Oil prices are trending lower this morning after steady gains last week, though crude prices remain above the $100/bbl mark. Last week, gasoline prices hit a record closing price of $3.75, marking a new all-time high heading into the summer months. Although the world continues to struggle with sourcing enough oil and refining capacity to meet demand, concerns of an impending recession have raised questions around whether demand will remain high. In addition, the bullish news last week of an EU ban on Russian oil has yet to come to fruition, since it requires a unanimous vote. Both of those factors are bringing prices a bit lower to start the new week.

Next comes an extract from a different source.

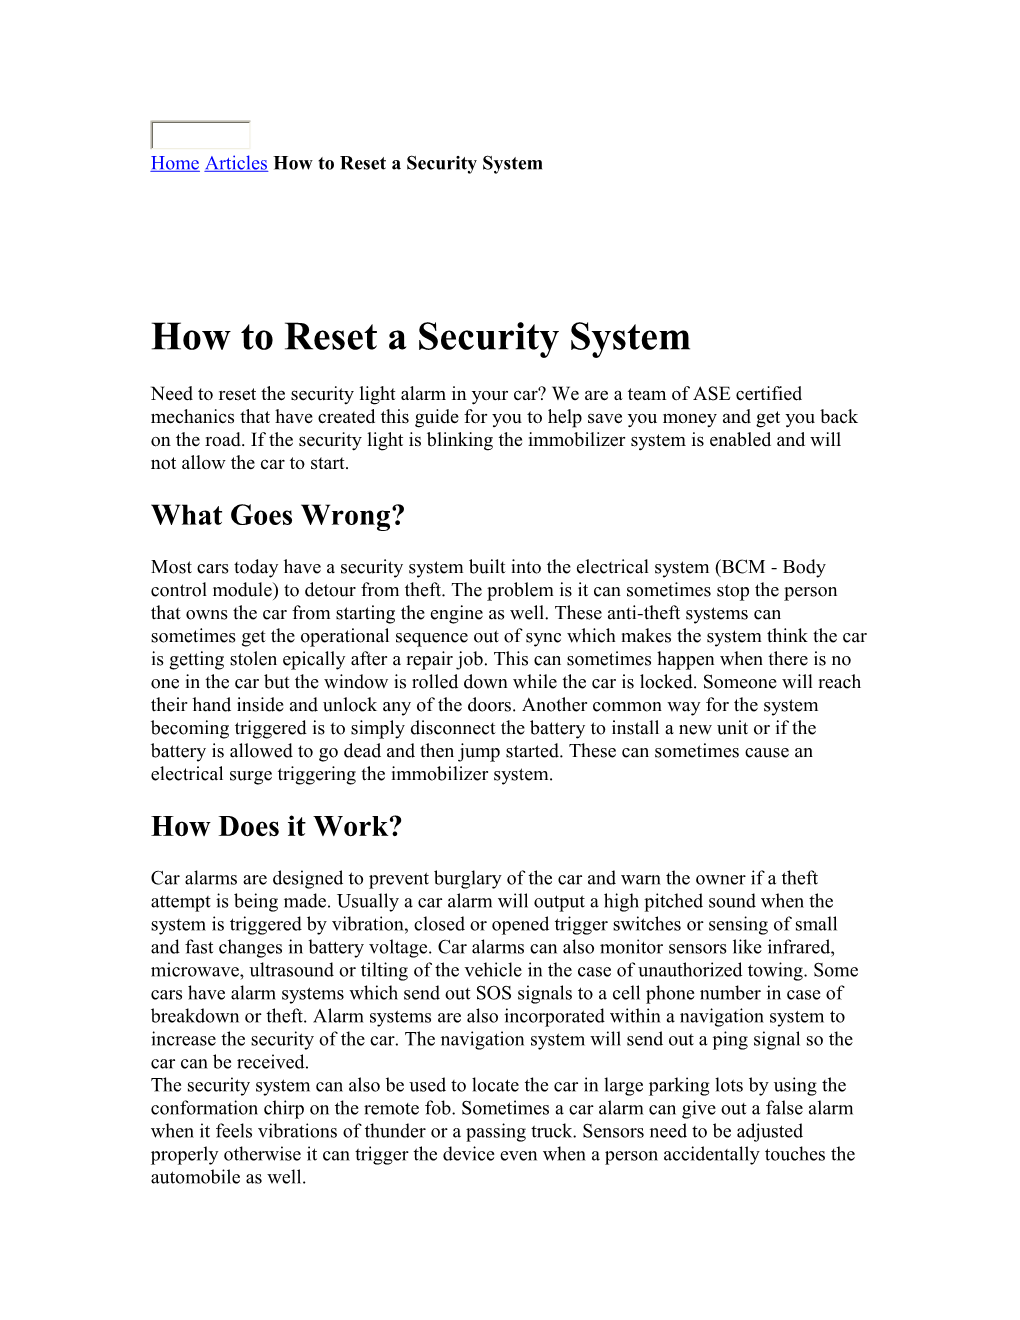 Homearticles How to Reset a Security System

It’s been said that the cure for high prices is high prices. Record high fuel costs, combined with higher borrowing costs due to high interest, will slow economic activity. The question is when demand will drop, and how steeply it will fall. Economists don’t necessarily agree on the outcome, but more than half of Wall Street professionals expect a recession this year due to tightening interest rates. Among small business owners, that number is 80%, and 44% rate the current environment as “poor.” When those closest to American consumers say the tides are changing, it’s good to listen. An economic slowdown would bring lower fuel prices, but it’s unclear whether the slowdown will be a minor setback or a more severe crash.

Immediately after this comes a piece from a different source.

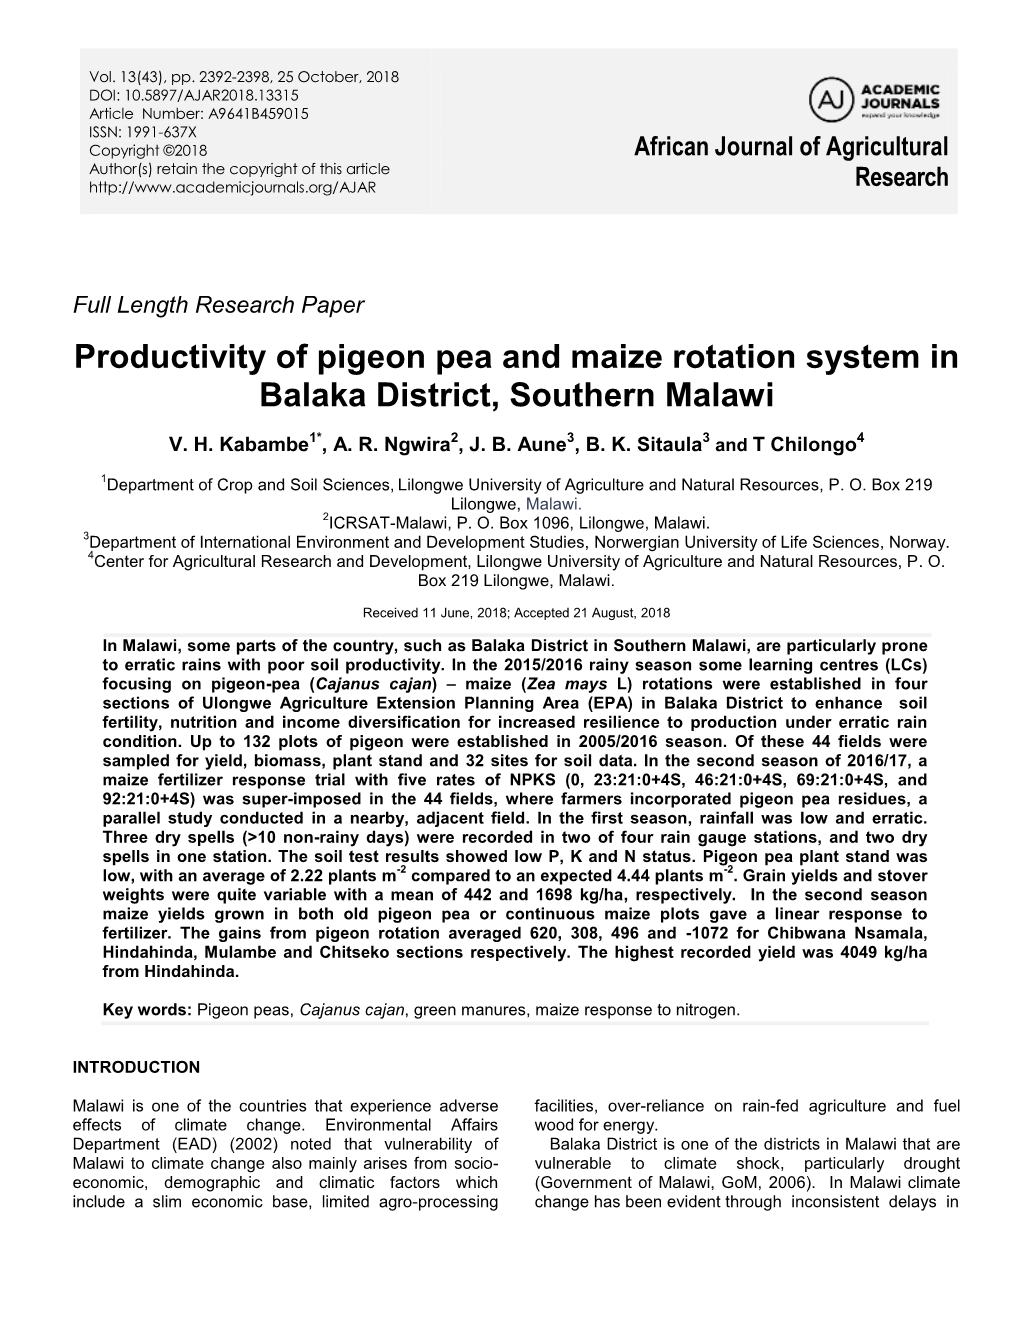 Productivity of Pigeon Pea and Maize Rotation System in Balaka District, Southern Malawi

Shifting gears from demand to supply, the Saudi Energy Minister blamed high prices on under-investment in refining capacity globally, noting that the “scenario about net-zero had been smacked with so many realities.” For several years, oil majors have been switching investments from oil to low-carbon energy sources, leaving less capital funding available for large refining and drilling projects. Once again, the solution for high prices is high prices – prolonged high prices will tell oil companies that it’s worthwhile to invest in more capacity. But after years of pressure to “go green,” it may take a while for that message to sink in.